Rottlerin suppresses lipid accumulation by inhibiting de novo lipogenesis and adipogenesis via LRP6/mTOR/SREBP1C in 3T3-L1 adipocytes.

Abstract

Rottlerin is isolated from Mallotus japonicus, a plant rich in polyphenols. Rottlerin is a selective PKCδ-inhibitor and is also known as an uncoupler of oxidative phosphorylation and anti-neoplastic agent. However, its anti-obesity effect is yet to be established. Therefore, this study tested whether rottlerin inhibits adipogenesis and de novo lipogenesis via the LRP6/mTOR/SREBP1C pathway in 3T3-L1 adipocytes.
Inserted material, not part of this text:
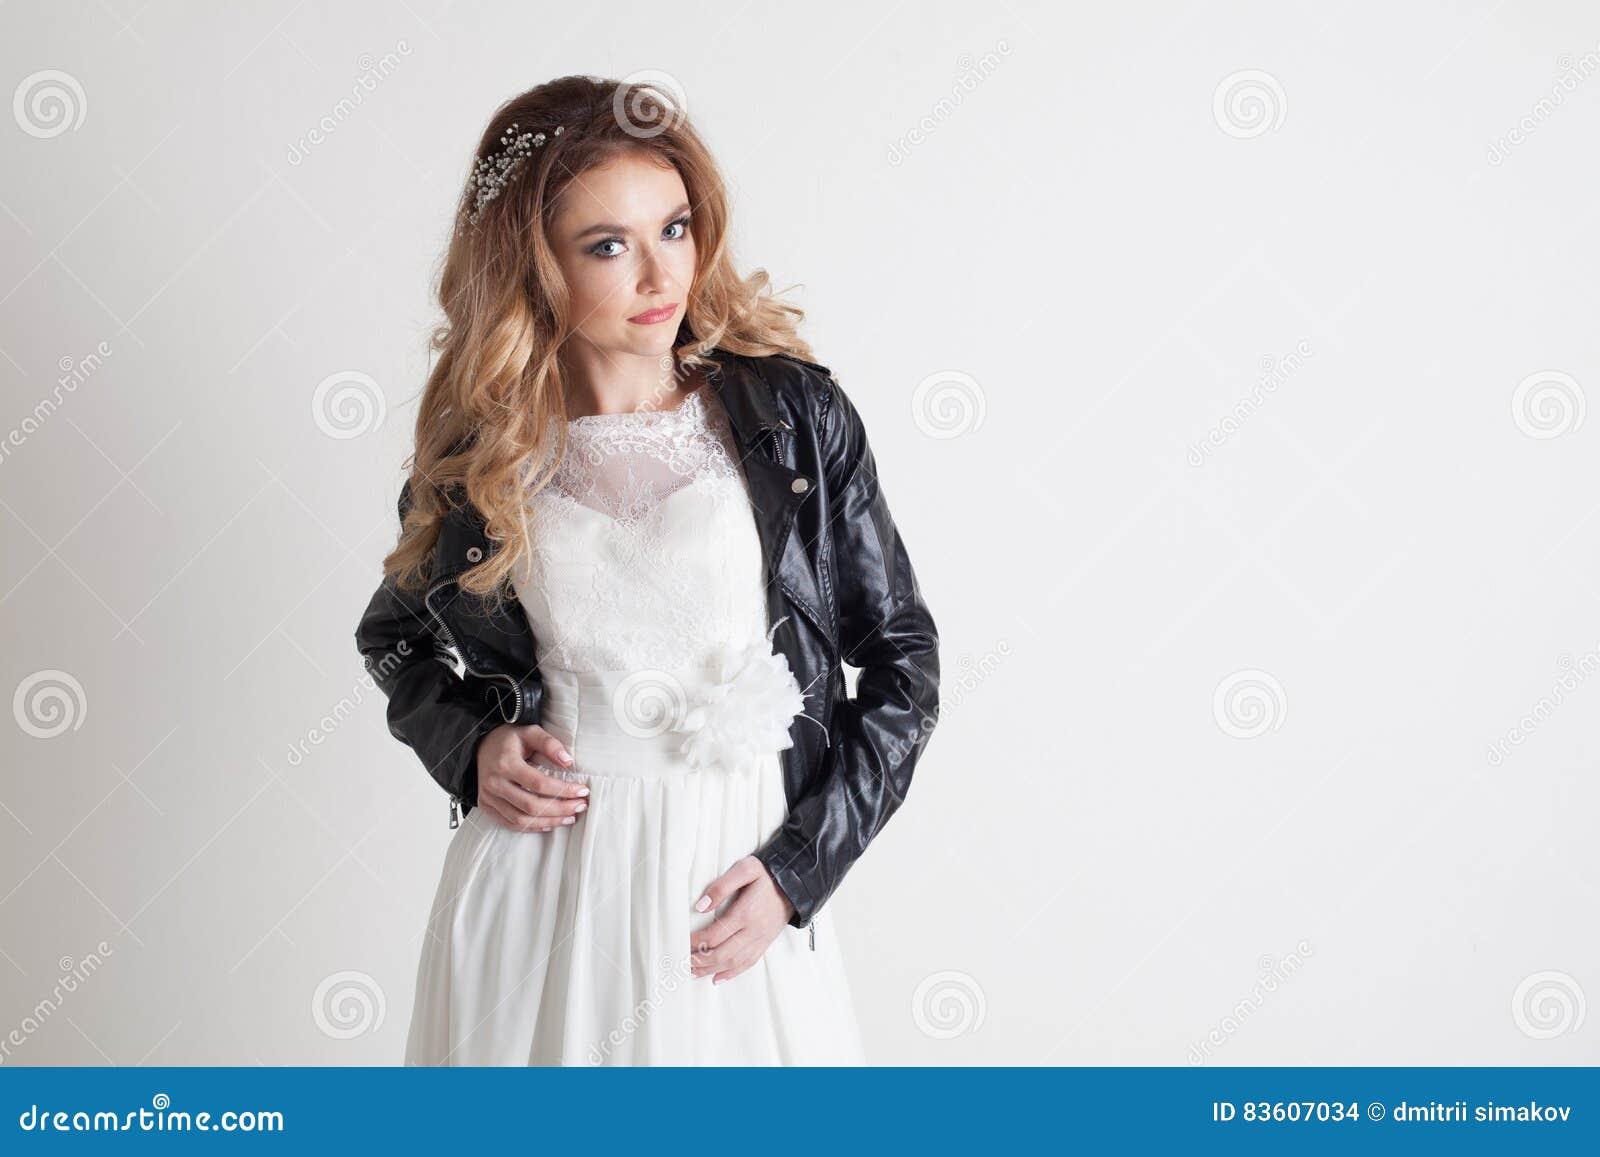 Braut Im Weißen Kleid Und In Der Lederjacke Stockfoto   Bild von ...

Rottlerin dramatically decreased lipid accumulation assessed by Oil Red O as evidence to support the cellular phenotype (p < 0.001). Pivotal messenger RNA and protein expressions associated with de novo lipogenesis (SREBP1C, ACC1, FAS, and SCD1) and adipogenesis (PPARγ and C/EBPα) were subsequentially verified by rottlerin in a dose-dependent manner (p < 0.05). Further investigation revealed that rottlerin reduced the AKT/mTOR pathway via diminished total protein of LRP6 (p < 0.05). Collectively, these findings establish a causal link between rottlerin, LRP6, and the altered nutrient-sensing mTOR pathway, in which rottlerin regulates de novo lipogenesis and adipogenesis in white adipocytes.